Все дело в существовании определенной разновидности вины, неприемлемой для Желябова, который знал, что она его настигнет, если после убийства или соучастия в убийстве он останется в одиночестве. У подножия виселицы Софья Перовская обняла человека, которого любила, и еще двух своих друзей, но отвернулась от Рысакова, умершего одиноким и проклятым адептами новой религии. Для Желябова смерть, принятая плечом к плечу с друзьями, значила, что он оправдан. Убийца виновен, только если соглашается жить дальше или если ради выживания идет на предательство братьев. Напротив, смерть снимает с убийцы вину и отменяет само преступление. Не зря Шарлотта Корде крикнула Фукье-Тенвилю: «Чудовище! Как смеешь ты называть меня убийцей?» Так происходит мучительное и мгновенное открытие человечной ценности, находящейся на полпути между невиновностью и виной, разумом и безумием, историей и вечностью. В миг этого открытия, но только в этот миг, на отчаявшихся людей нисходит странный покой, свидетельствующий об их окончательной победе. Поливанов, сидя в тюремной камере, говорил, что ему «легко и просто» умирать. Войнаровский писал, что победил страх смерти. «Не изменившись ни в одном мускуле лица и не побледнев, я взойду на эшафот… И это будет не насилие над собой… — это будет вполне естественный результат того, что я пережил». Много позже лейтенант Шмидт напишет перед расстрелом: «Моя смерть подведет итог всему — и дело, за которое я стоял, увенчанное казнью, пребудет безупречным и совершенным». Каляев, приговоренный к повешению после речи на суде, в которой он выступил обвинителем тех, кто его судил; Каляев, заявивший: «Я считаю свою смерть последним протестом против мира крови и слез»; тот же Каляев писал: «С тех пор как я попал за решетку, у меня не было ни одной минуты желания как-нибудь сохранить жизнь». Его воля была исполнена. 10 мая, в два часа ночи, он прошествовал к месту казни, ставшей для него единственным оправданием, которое он признавал. В черном, без пальто, в фетровой шляпе он поднялся на эшафот. Священнику отцу Флоринскому, протянувшему ему крест, осужденный, отвернувшись от Христа, ответил: «Я уже сказал вам, что совершенно покончил с жизнью и приготовился к смерти».

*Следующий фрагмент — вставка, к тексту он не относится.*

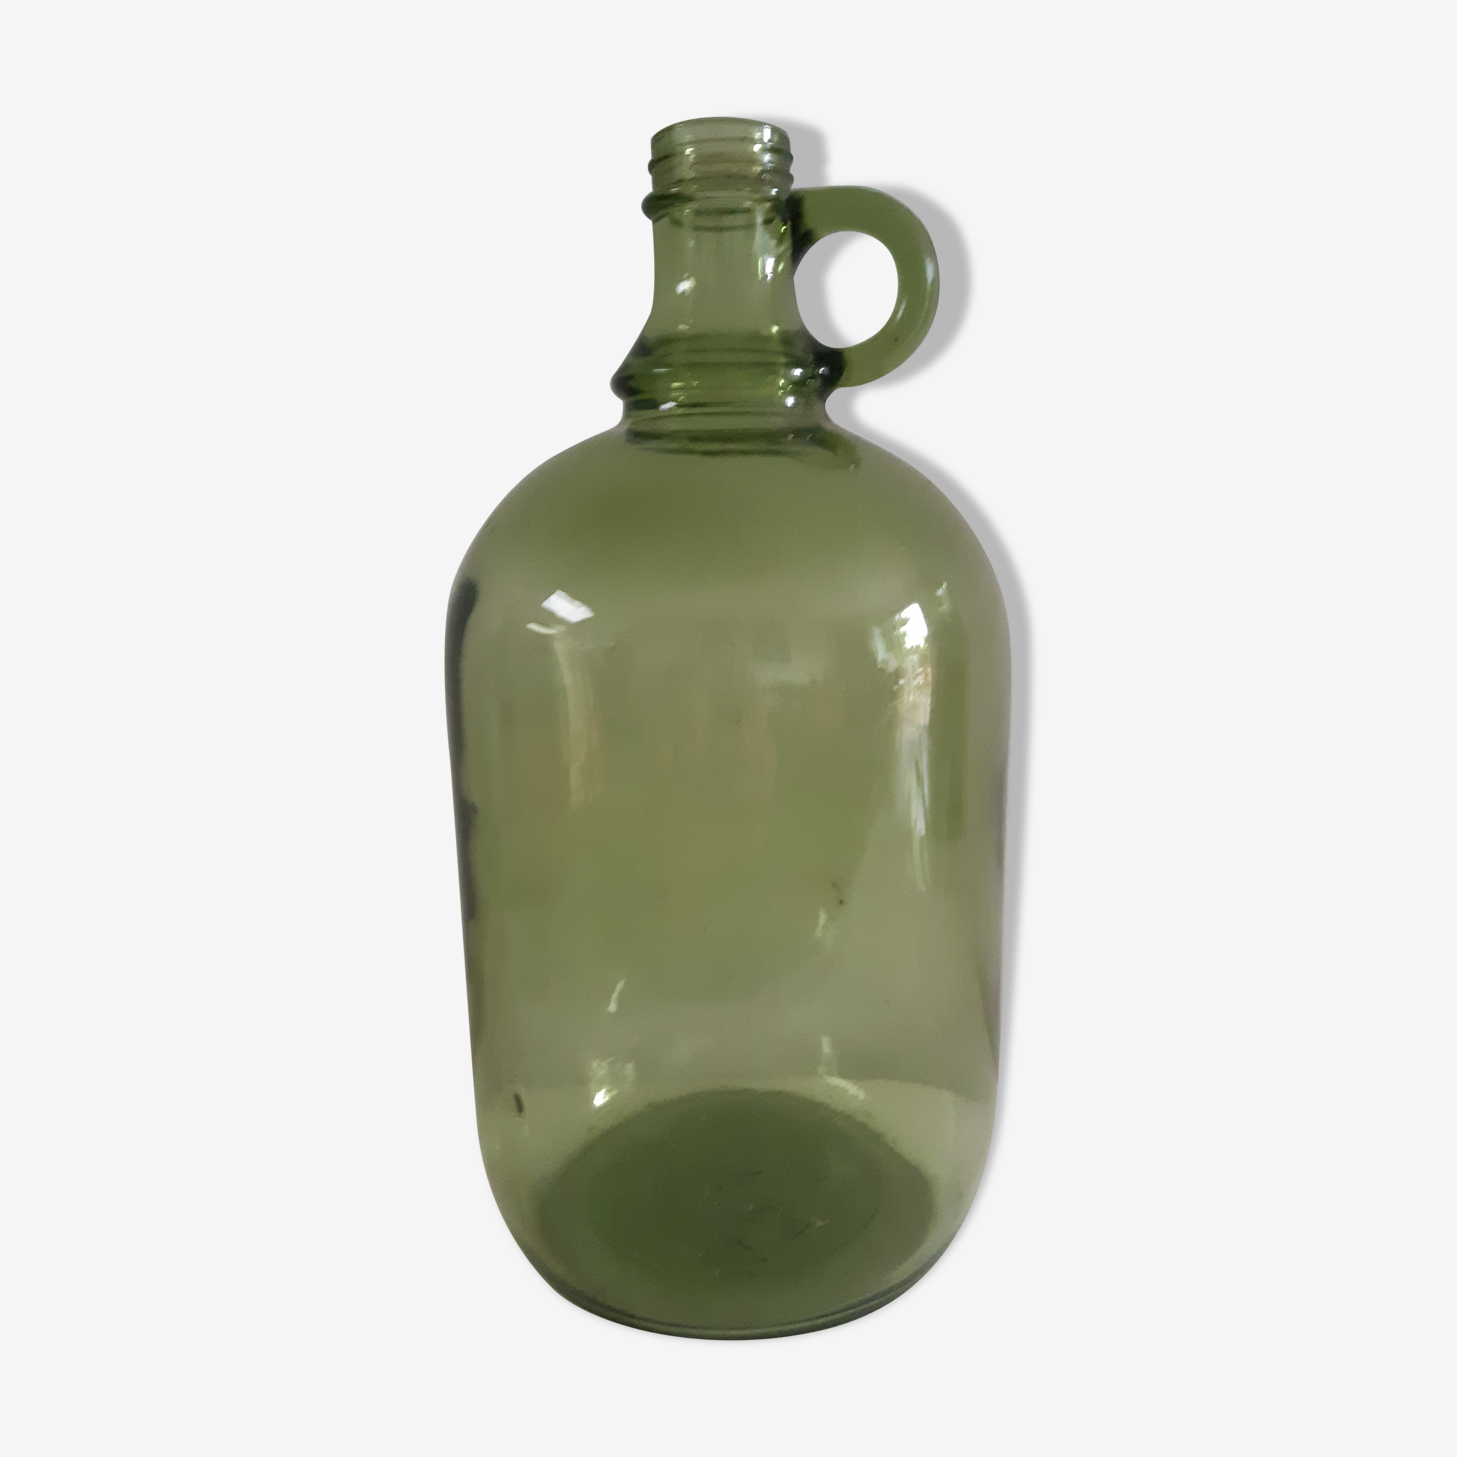 Green demijohn
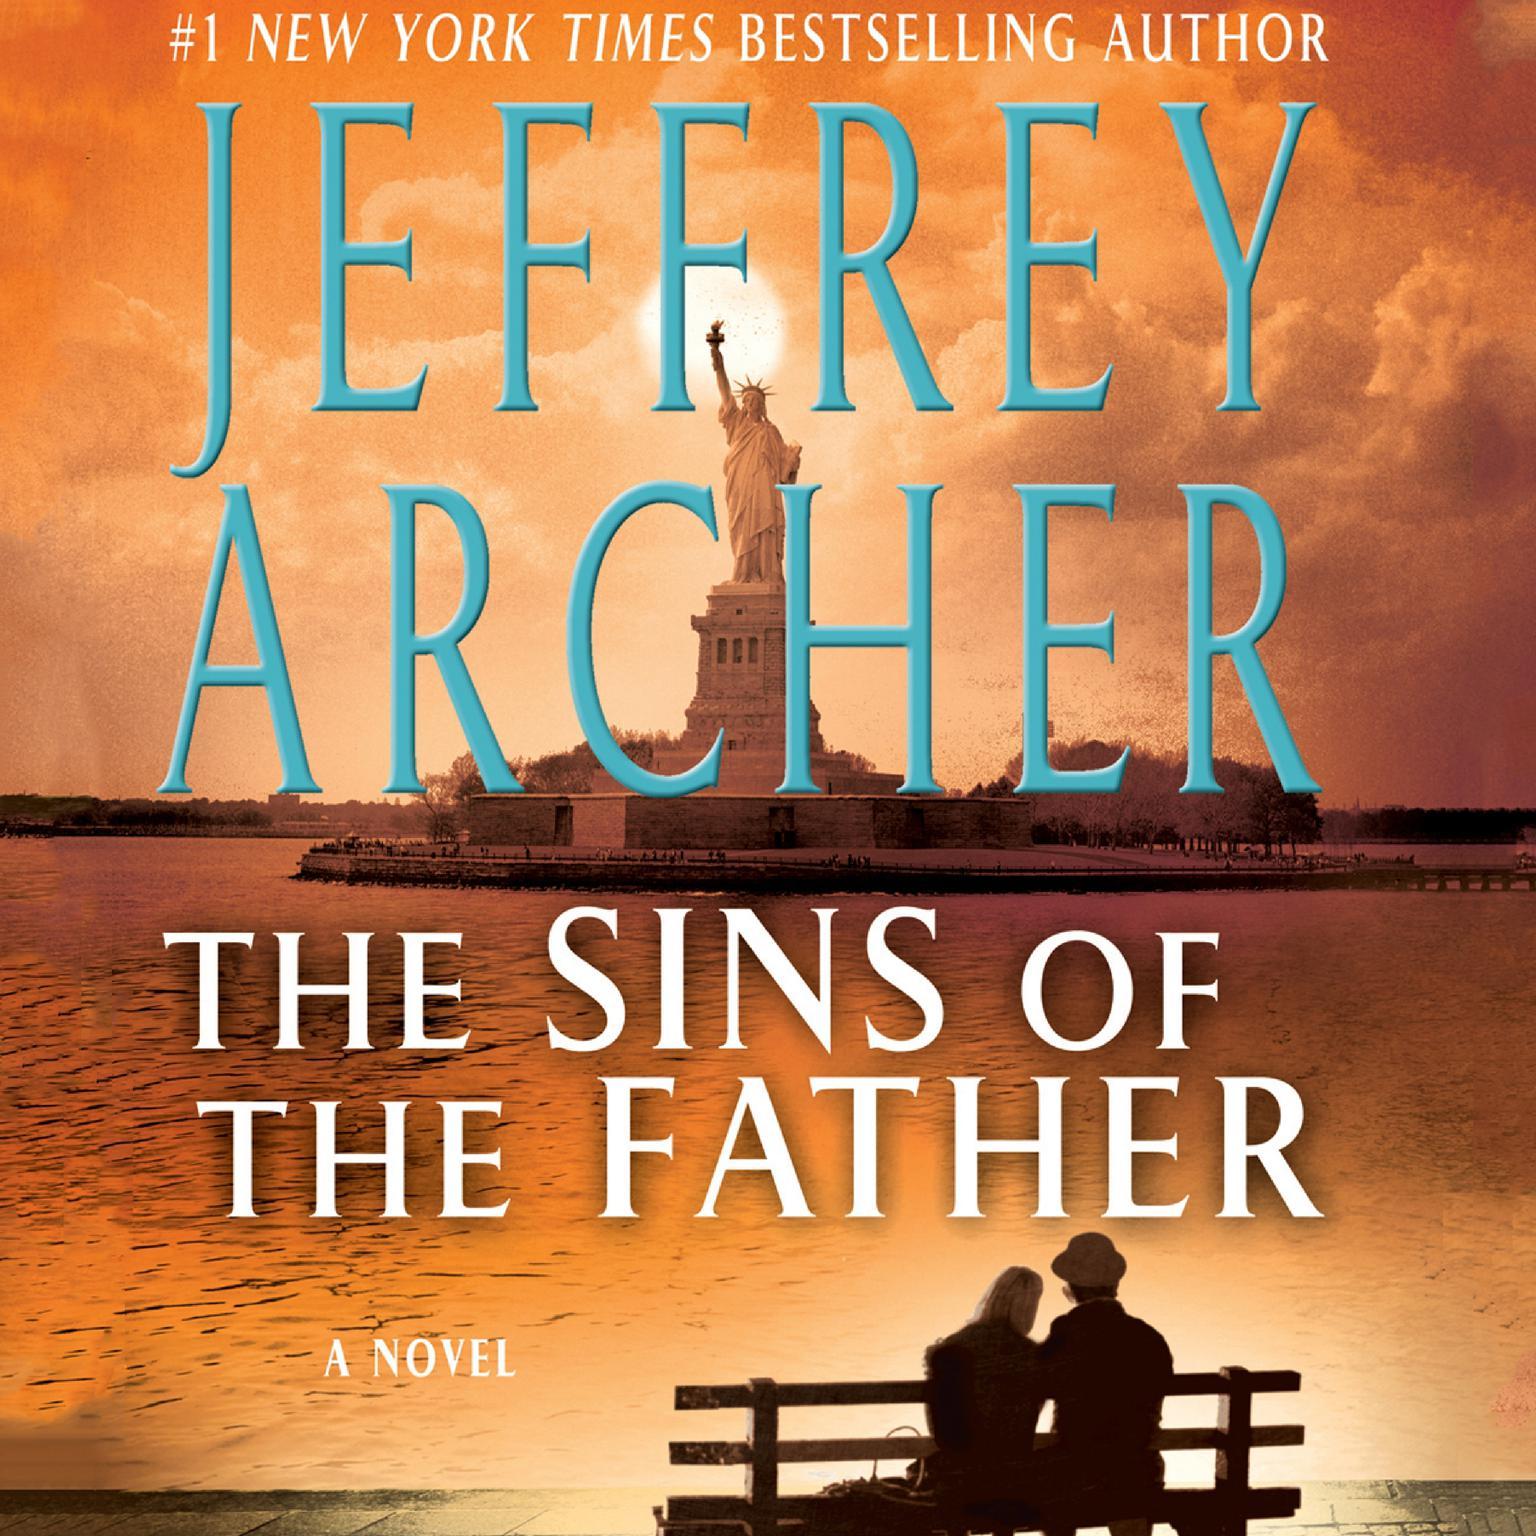 jeffrey archer the sins of the father pdf

Да, именно здесь, у подножия виселицы, на краю нигилизма, происходит возрождение старой ценности. Она служит отражением, на сей раз историческим, того самого «мы», которое мы выявили, исследовав бунтарский дух. Она есть одновременно и лишение, и просветленная уверенность. Именно она озарила смертным блеском потрясенное лицо Доры Бриллиант при мысли о тех, кто умирал и ради себя, и ради нерушимой дружбы; именно она заставила Сазонова на каторге покончить с собой — из чувства протеста и с требованием «уважения к братьям»; именно она полностью оправдала Нечаева в тот день, когда на требование генерала выдать своих товарищей он отвесил тому пощечину, сбившую с ног. С опорой на эту ценность террористы, утверждая мир людей, одновременно возносятся над ним, в последний раз в нашей истории показывая, что истинный бунт есть созидатель ценностей.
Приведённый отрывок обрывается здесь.